Wrong source locations on `unexpected end of input` with custom tokens
sol opened this issue · 2 comments
Given the example code at https://markkarpov.com/tutorial/megaparsec.html#working-with-custom-input-streams, if I modify exampleStream
to
exampleStream :: MyStream
exampleStream = MyStream
"5 + 6"
[ at 1 1 (Int 5)
, at 1 3 Plus -- (1)
]
where
at l c = WithPos (at' l c) (at' l (c + 1)) 2
at' l c = SourcePos "" (mkPos l) (mkPos c)
then I get a wrong source location in the error message:
ghci> parseTest (pSum <* eof) exampleStream
1:1:
|
1 | 5 +
| ^
unexpected end of input
expecting integer
I haven't investigated any further, so not sure if it's an issue with the instance definitions from the tutorial or an issue with megaparsec
itself. From what I tried, it seems to work fine with character based parsers.

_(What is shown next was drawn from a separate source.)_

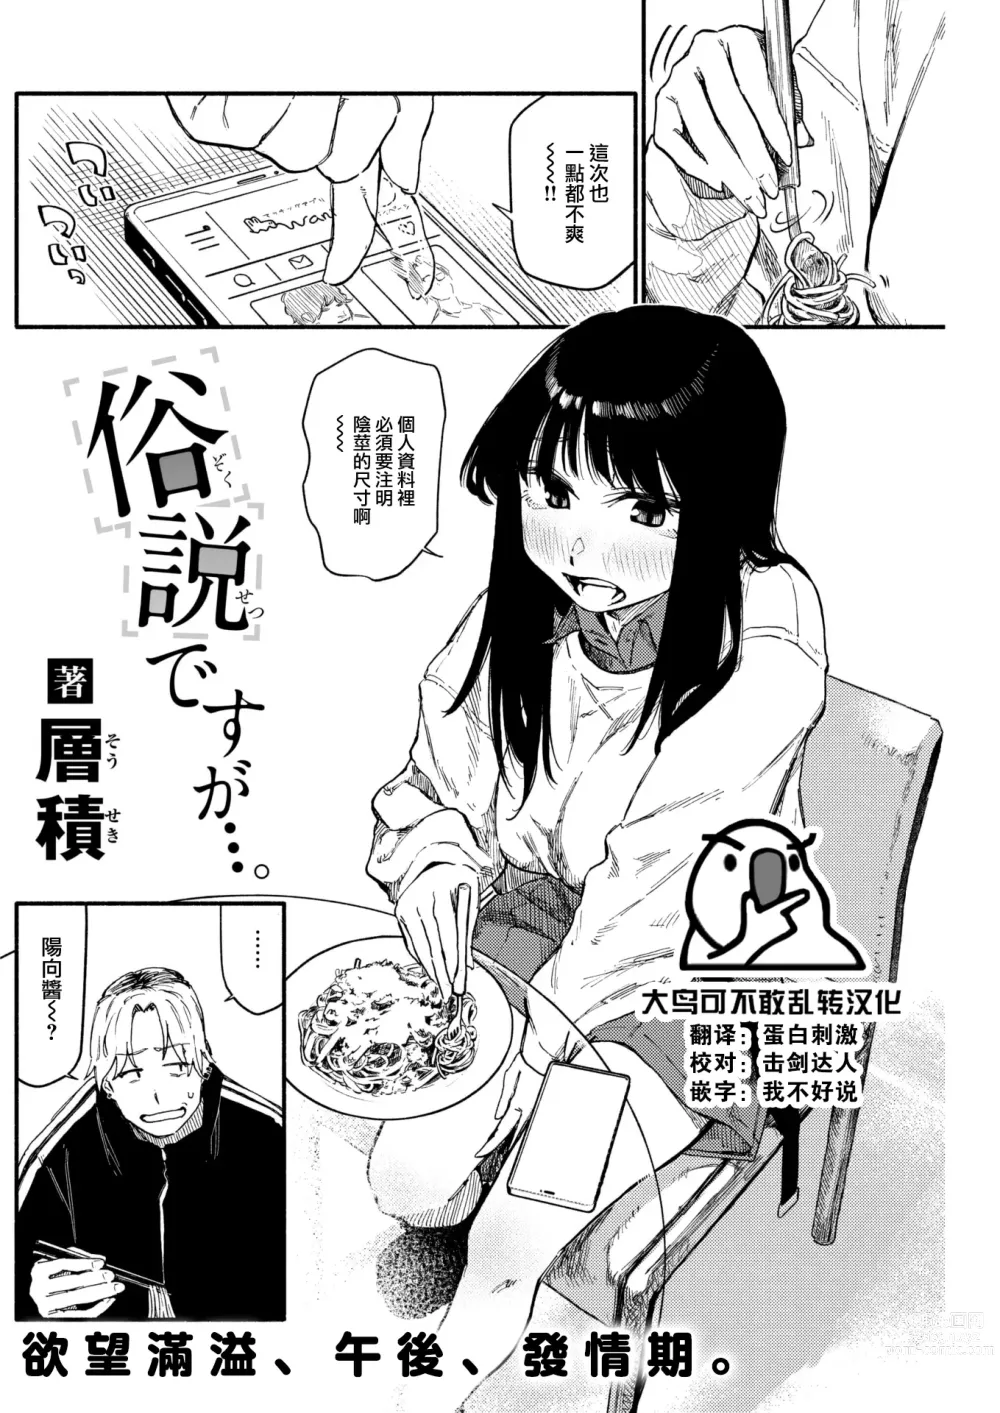 Page 1 of manga Zokusetsu desu ga....

Thanks for spotting this! The problem is in the definition of the reachOffset
method from TraversableStream MyStream
. When after splitting the stream there are tokens following the location of the error it should not default to the previous position (here, 1:1), but perhaps it should instead assume the position of the end of the span of the last consumed token, e.g.:
@@ -20,7 +20,9 @@ instance TraversableStream MyStream where
sameLine = sourceLine newSourcePos == sourceLine pstateSourcePos
newSourcePos =
case post of
- [] -> pstateSourcePos
+ [] -> case unMyStream pstateInput of
+ [] -> pstateSourcePos
+ xs -> endPos (last xs)
(x:_) -> startPos x
(pre, post) = splitAt (o - pstateOffset) (unMyStream pstateInput)
(preStr, postStr) = splitAt tokensConsumed (myStreamInput pstateInput)
Then, assuming you also change the "original user input" in exampleStream
to match the tokens:
exampleStream :: MyStream
exampleStream = MyStream
"5 +"
[ at 1 1 (Int 5)
, at 1 3 Plus -- (1)
]
where
at l c = WithPos (at' l c) (at' l (c + 1)) 2
at' l c = SourcePos "" (mkPos l) (mkPos c)
...it seems to work:
ghci> parseTest (pSum <* eof) exampleStream
1:4:
|
1 | 5 +
| ^
unexpected end of input
expecting integer
I'm going to push a fix for that tutorial.
This is now fixed.